The current research note has sufficient details of the employed methods and analysis. The details provided are enough to allow for replication of the same study by others. However, there is not enough information provided regarding data presented on Tables 1 and 2. Some abbreviations used are not explained at all. The text does not at any point call to the tables. This makes it extremely difficult for non-specialists to understand the data presented there.

The above caveat notwithstanding, most data seem to be available except for the kdr 1014F data that has not been provided ostensibly due to being part of another study. I am not sure this is good enough reason and whether or not the data could be made available at a later stage should one require them for the purpose.

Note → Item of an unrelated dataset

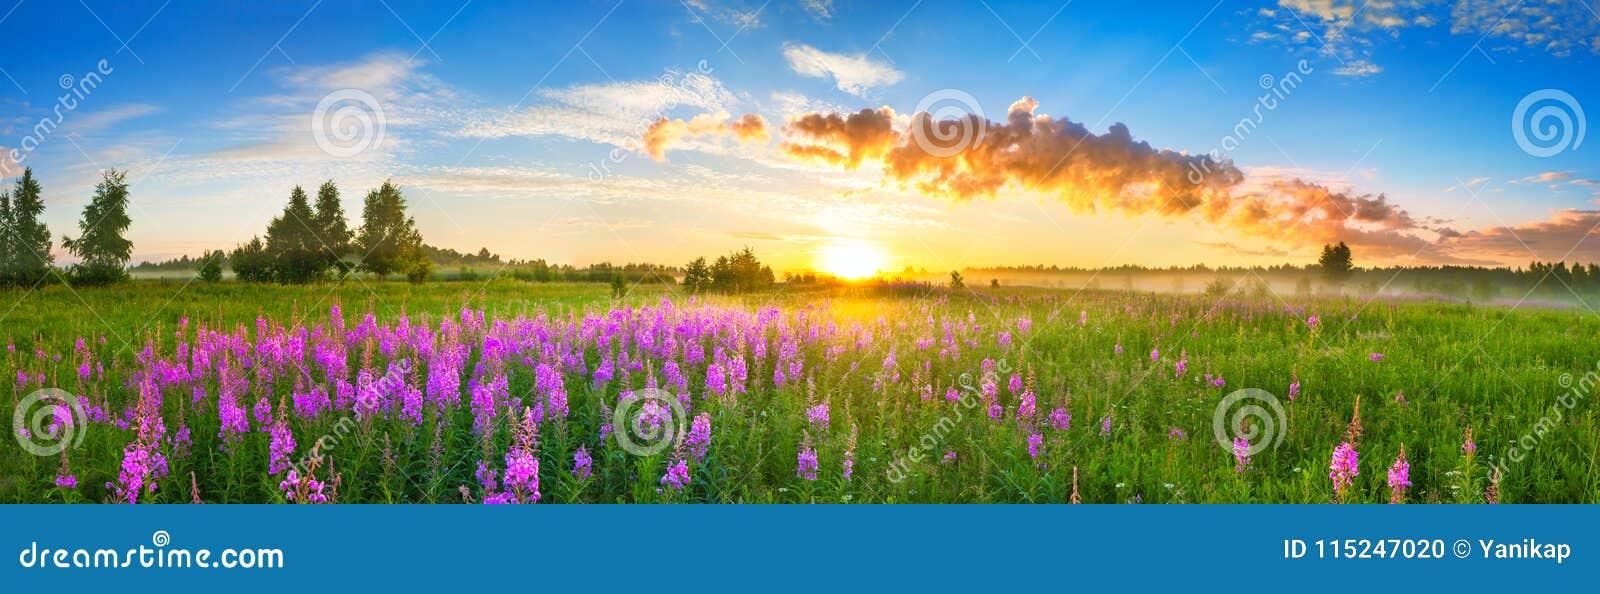 Panorama wiejski krajobraz z wschodem słońca i kwitnąć łąką
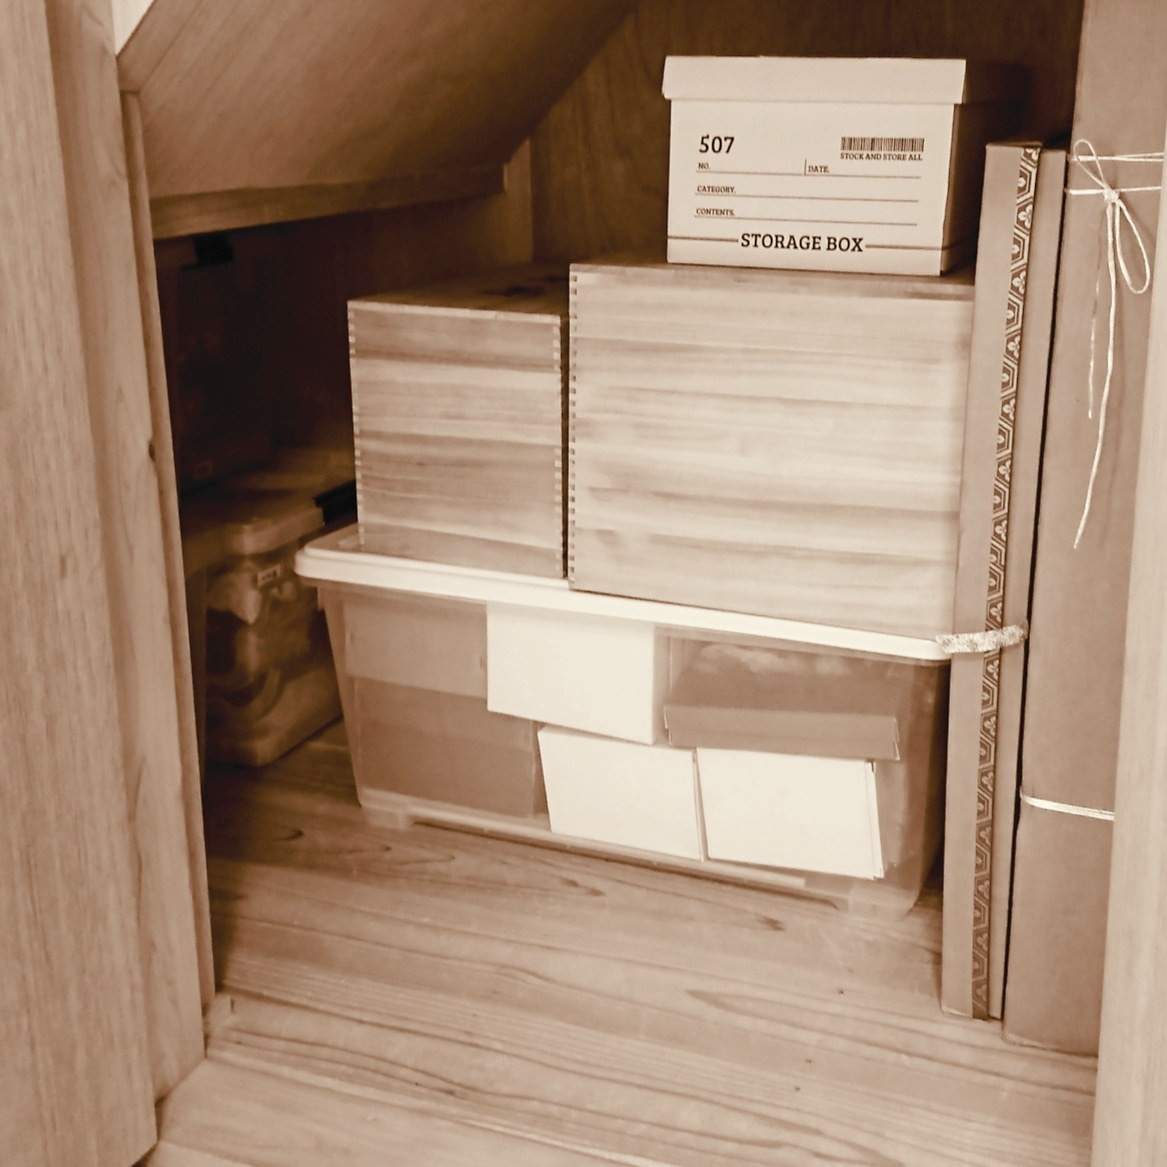 ++階段下の収納庫の中のビフォー&アフター++_e0354456_08400392.jpg

Looking at the magnitude of the question that the study is trying to address, the study falls into a situation where the results presented here simply provides preliminary information that may not fully address whatever conclusions are being proposed.  Contrary to what would have been expected from such a brief research note, the authors do not attempt to make a case for further surveillance to monitor the East-kdr prevalence in the area. This is an interesting area that is developing and has not been fully explored. Previous studies and the current study have limitations in terms of time and scale, thus calling for a larger more elaborate study to establish the status of not only the spread of the East-kdr, but also its epidemiological significance in terms of its impact on phenotypic pyrethroid resistance in the country and whole of West Africa region.

The epidemiological significance of the East African mutant gene, 1014S kdr is not addressed here. Based on previous observation that the West African mutant 1014F kdr confers greater phenotypic resistance, it remains to be seen as to what the East-kdr spread into West Africa adds to the current resistance status. The situation becomes more complex given that all such mutations were found to be paired resulting into double mutations in all nine occurrences observed.

The statement that “If pyrethroids were to lose most of their efficacy, more than 55% of the benefits of vector control would be lost, leading to approximately 120,000 deaths that could not be averted” sounds unnecessarily too alarmist! Since pyrethroids are mainly used for net treatment, the role of the net physical barrier cannot be underestimated. Moreover, the portfolio of new insecticides that are coming up should be able to avert a good proportion of the malaria burden despite the observed shortcomings by the authors.

I have read this submission. I believe that I have an appropriate level of expertise to confirm that it is of an acceptable scientific standard.